Gramm Wrong, Again, on CRA

In an effort to undercut future public investment in the nation’s infrastructure, Phil Gramm, former chair of the Senate Banking Committee and currently with the Swiss bank UBS, once again […]

In an effort to undercut future public investment in the nation’s infrastructure, Phil Gramm, former chair of the Senate Banking Committee and currently with the Swiss bank UBS, once again trots out the long-discredited notion that the recent financial crisis was caused by the Community Reinvestment Act and other federal efforts to encourage lending to credit-worthy borrowers in traditionally underserved markets. In making this connection, he claims, “The U.S. and Europe are lowering capital standards for ‘investments’ in public infrastructure—ignoring the lessons from 2007-08.”

Some arguments apparently never die, no matter how much evidence contradicts them.

In his Wall Street Journal op-ed, “The Subprime Superhighway,” Gramm asserts, “President Clinton’s financial regulators used the CRA to force banks to make subprime loans.” But, as has frequently been reported, the Federal Reserve found that just 6 percent of high-priced loans (a proxy for subprime loans) were CRA related. The Fed also found that the delinquency rate of CRA-related loans was less than half the rate for all loans in lower-income neighborhoods. In other words, it was loans made by lenders not covered by the CRA that created the crisis.

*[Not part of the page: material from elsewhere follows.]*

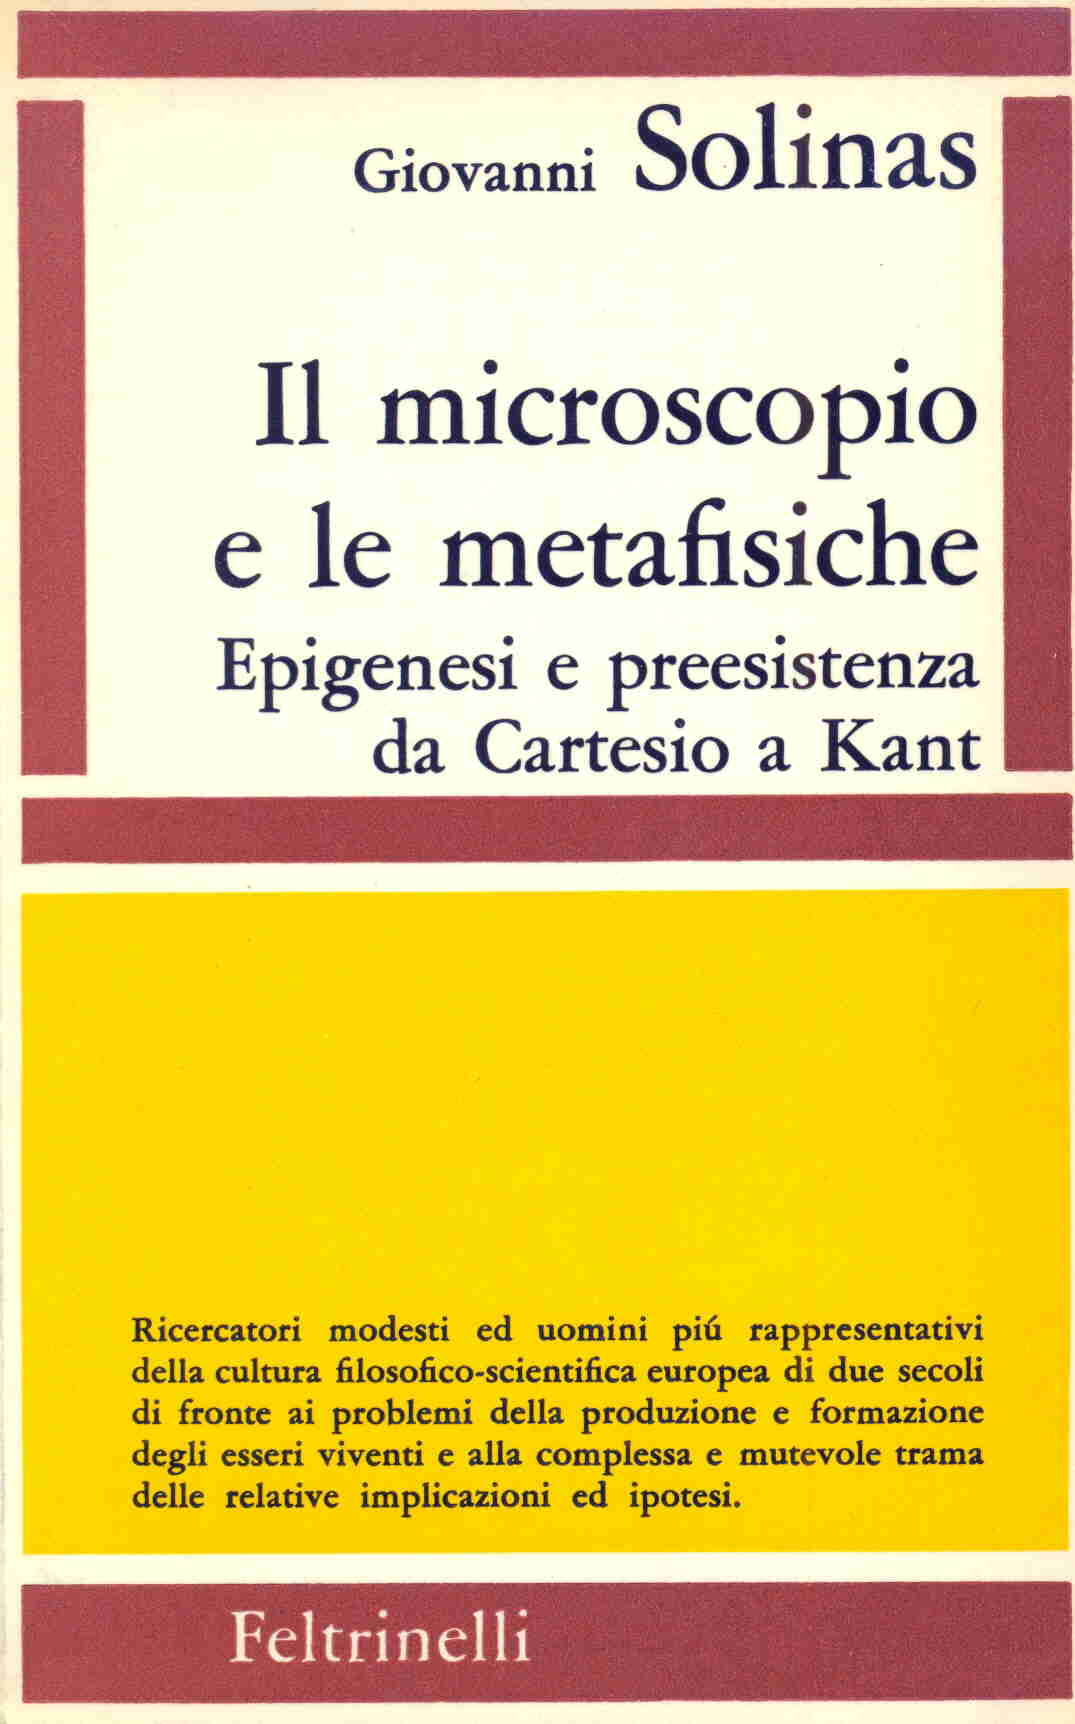 Il microscopio e le metafisiche

Gramm also claims that HUD used CRA “to force Fannie Mae and Freddie Mac and banks to serve government goals” by purchasing loans in underserved communities. But Fannie and Freddie did not start buying subprime loans until 2006, long after the crisis was underway. And, of course, the CRA was enacted in 1977, long before the Great Recession. In fact, as Fed researchers concluded, “the current best evidence suggests that the CRA was not a significant contributor to the financial crisis.”

Hopefully, stronger—and more accurate—evidence than this will be used to determine public infrastructure investment activity.